Wherever a picture appears in the listing below, leave it out and reproduce the rest exactly.

> Input data
-- Opening Marker --

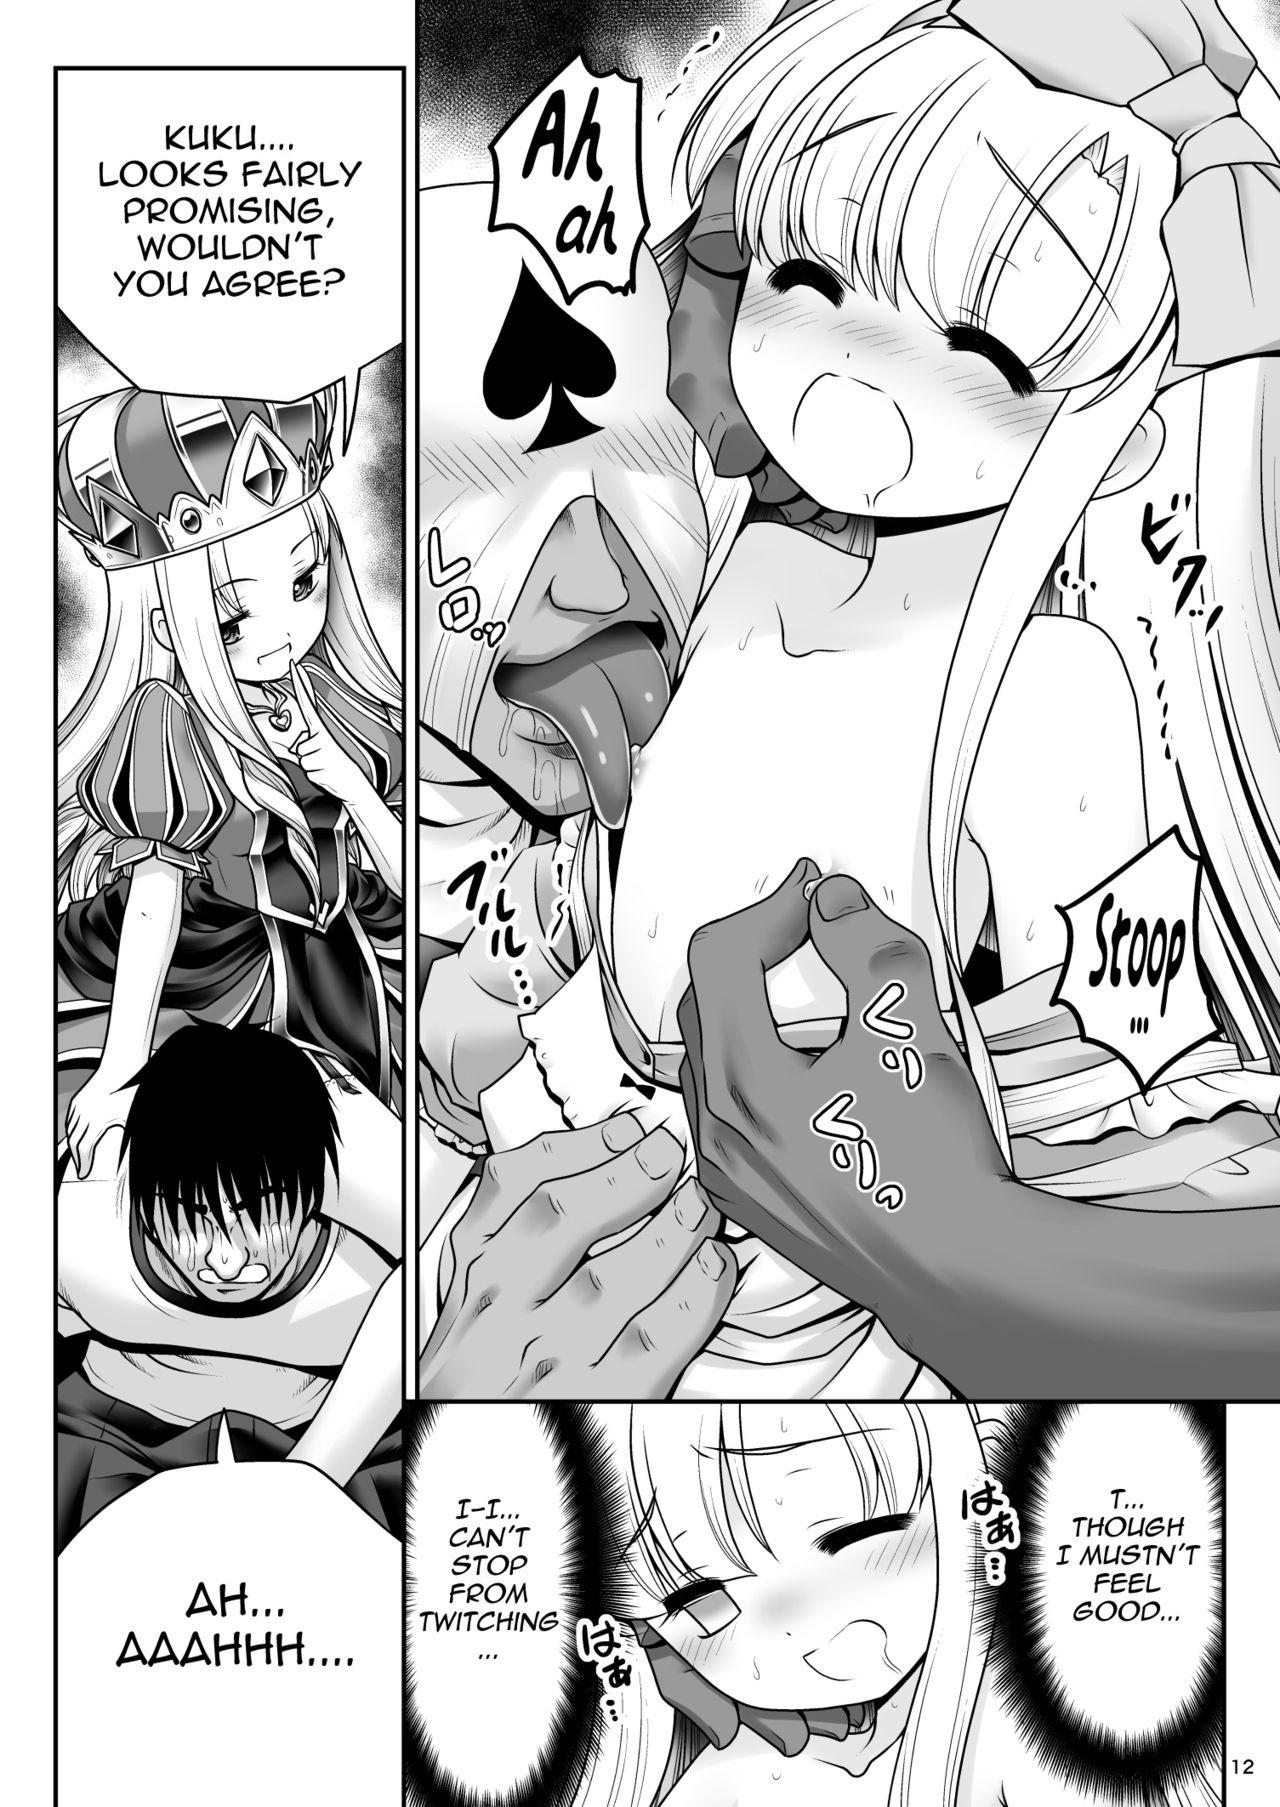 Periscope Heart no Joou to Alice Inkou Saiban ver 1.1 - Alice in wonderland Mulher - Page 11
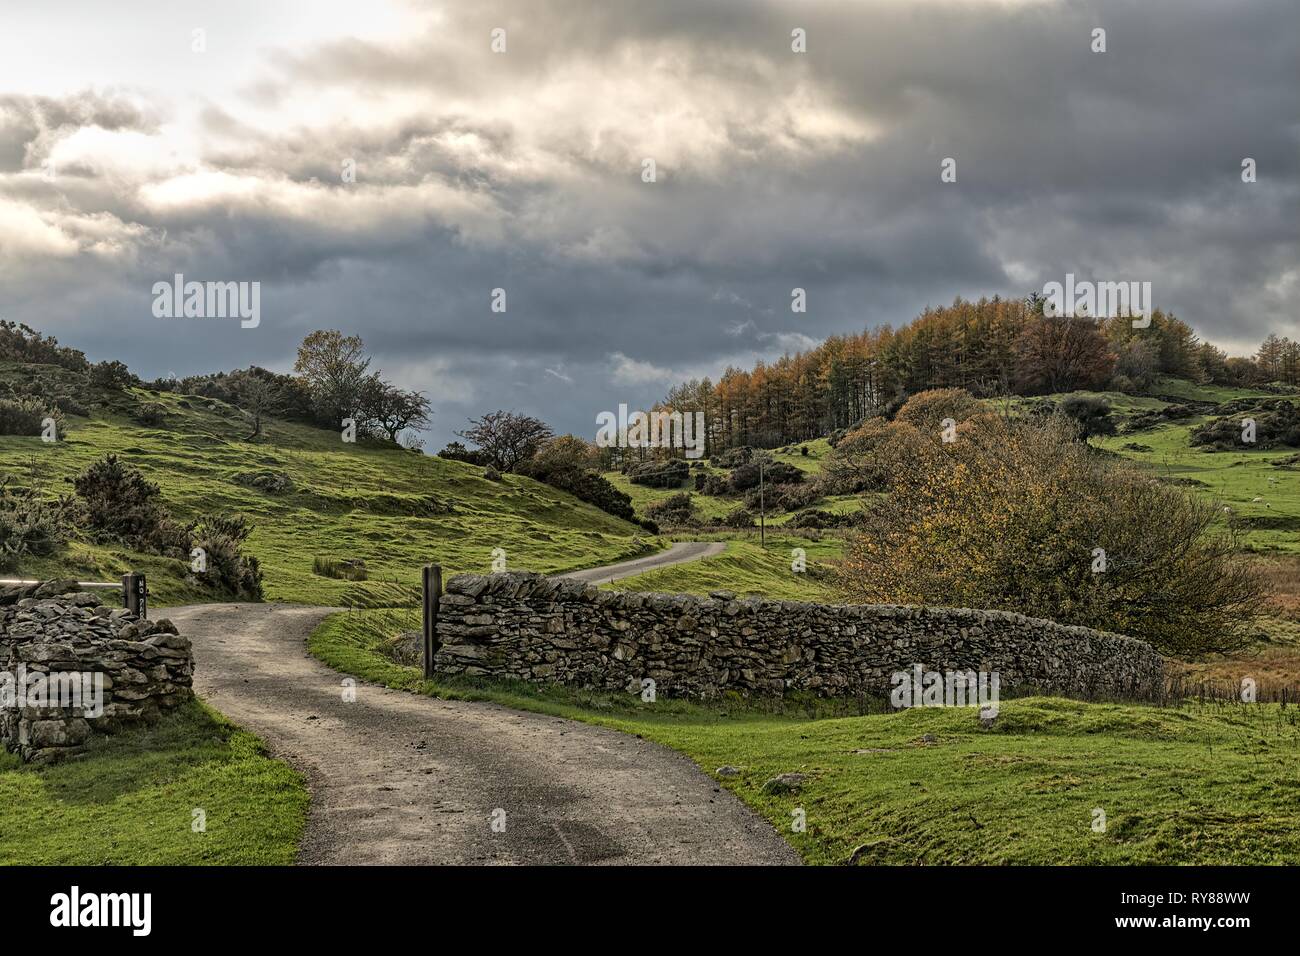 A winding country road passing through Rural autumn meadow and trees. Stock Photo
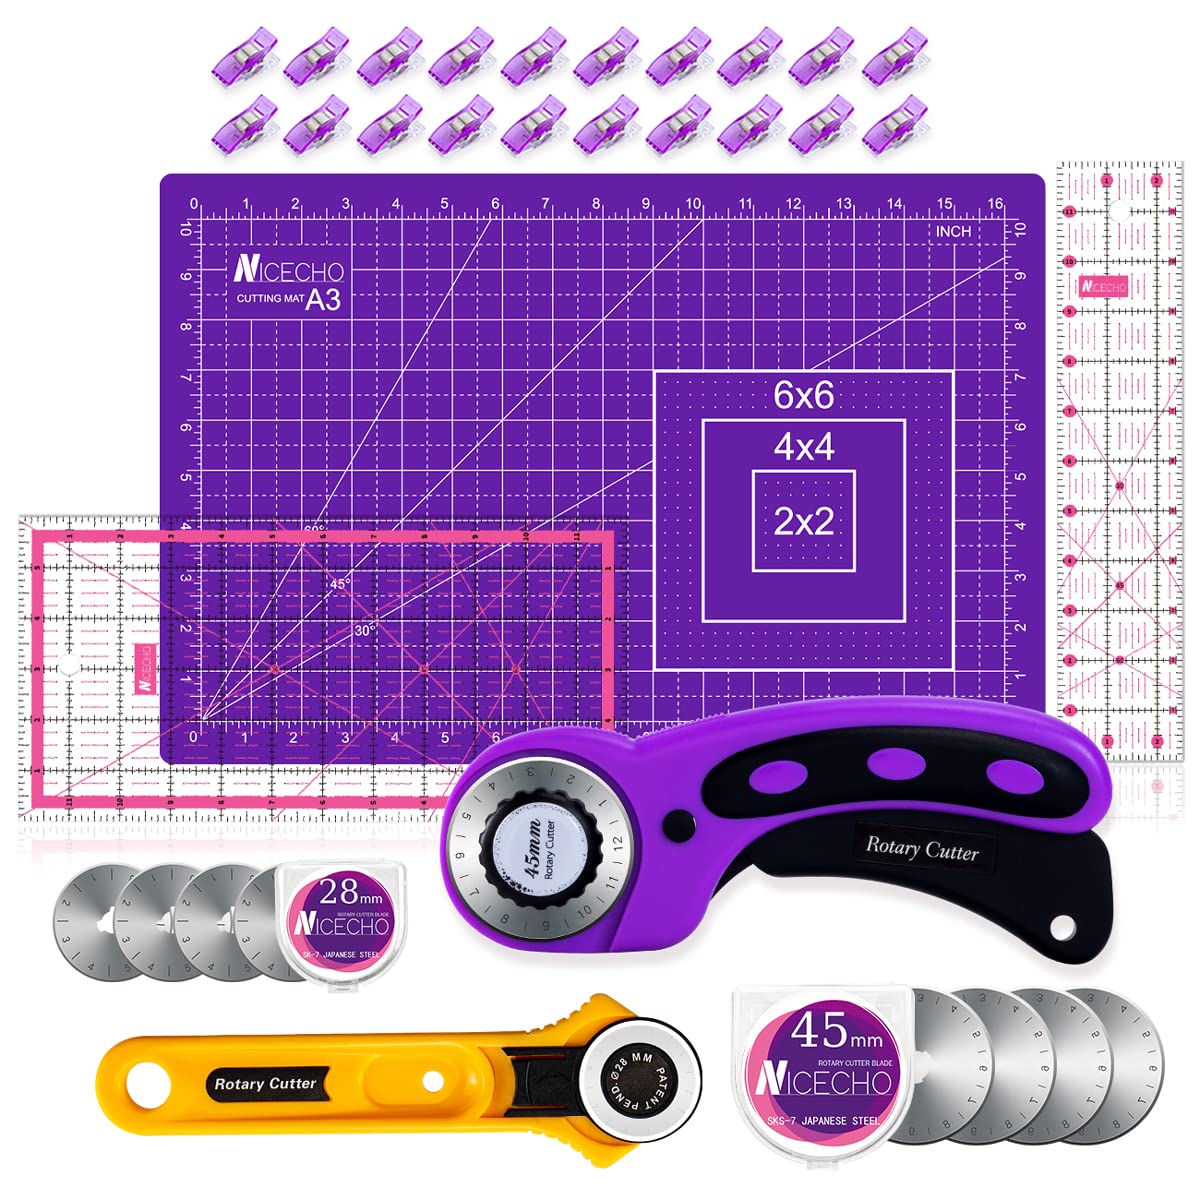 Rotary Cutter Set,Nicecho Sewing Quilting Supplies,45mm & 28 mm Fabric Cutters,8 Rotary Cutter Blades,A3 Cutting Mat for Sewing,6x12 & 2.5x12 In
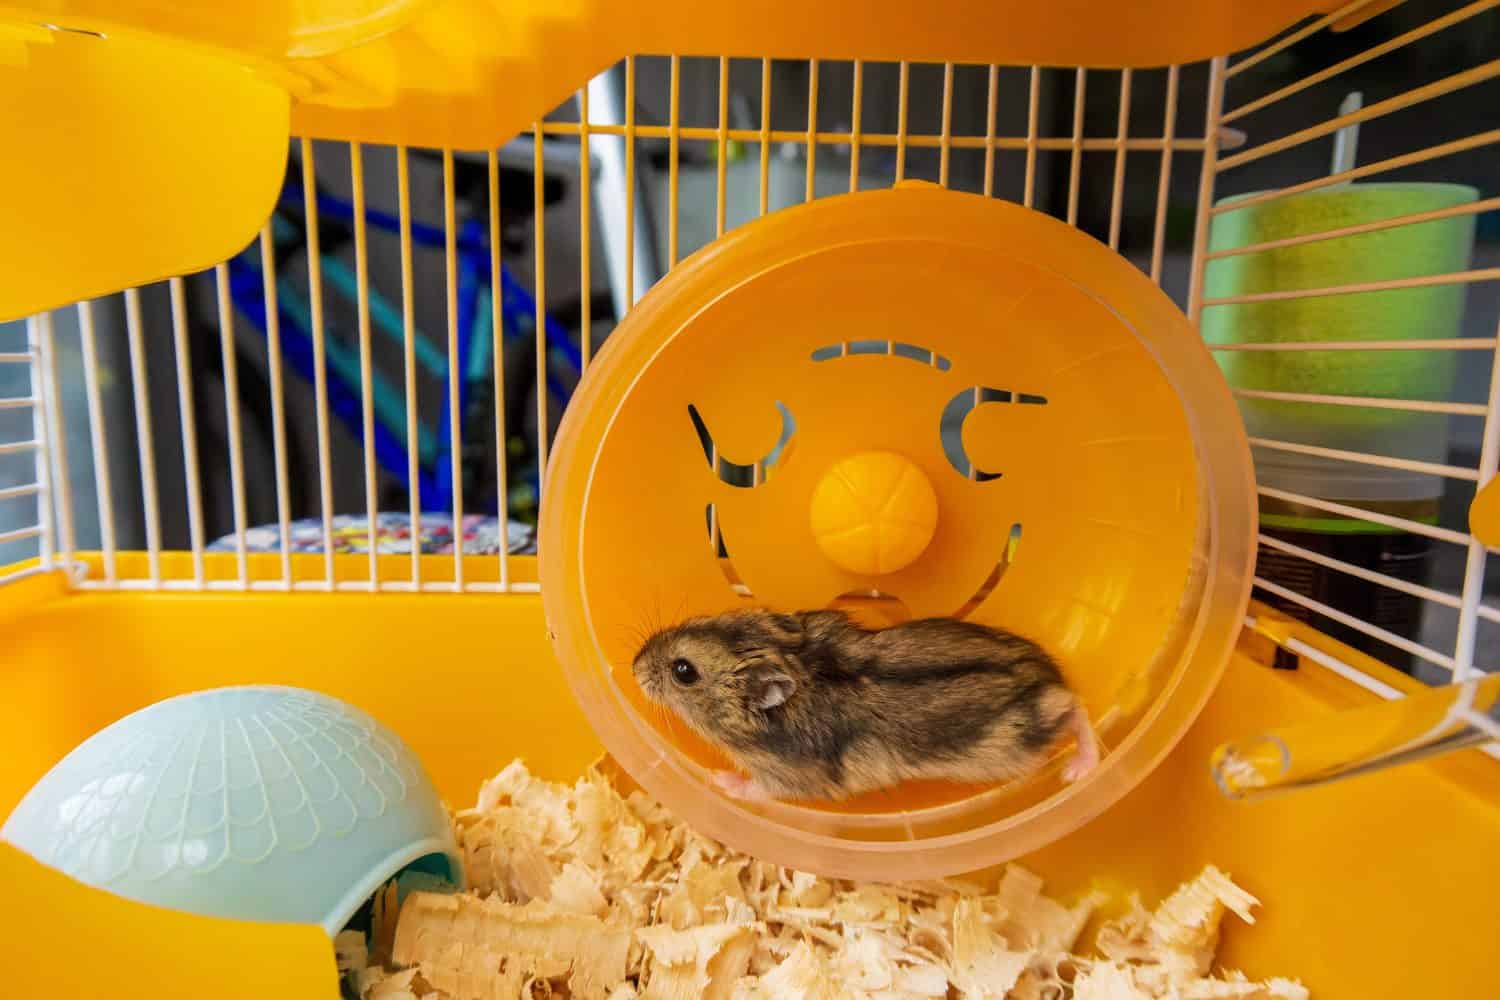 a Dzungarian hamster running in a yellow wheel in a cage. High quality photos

-- Closing Marker --

> Result for this task
 Periscope Heart no Joou to Alice Inkou Saiban ver 1.1 - Alice in wonderland Mulher - Page 11
 A winding country road passing through Rural autumn meadow and trees. Stock Photo
 Rotary Cutter Set,Nicecho Sewing Quilting Supplies,45mm & 28 mm Fabric Cutters,8 Rotary Cutter Blades,A3 Cutting Mat for Sewing,6x12 & 2.5x12 In
 a Dzungarian hamster running in a yellow wheel in a cage. High quality photos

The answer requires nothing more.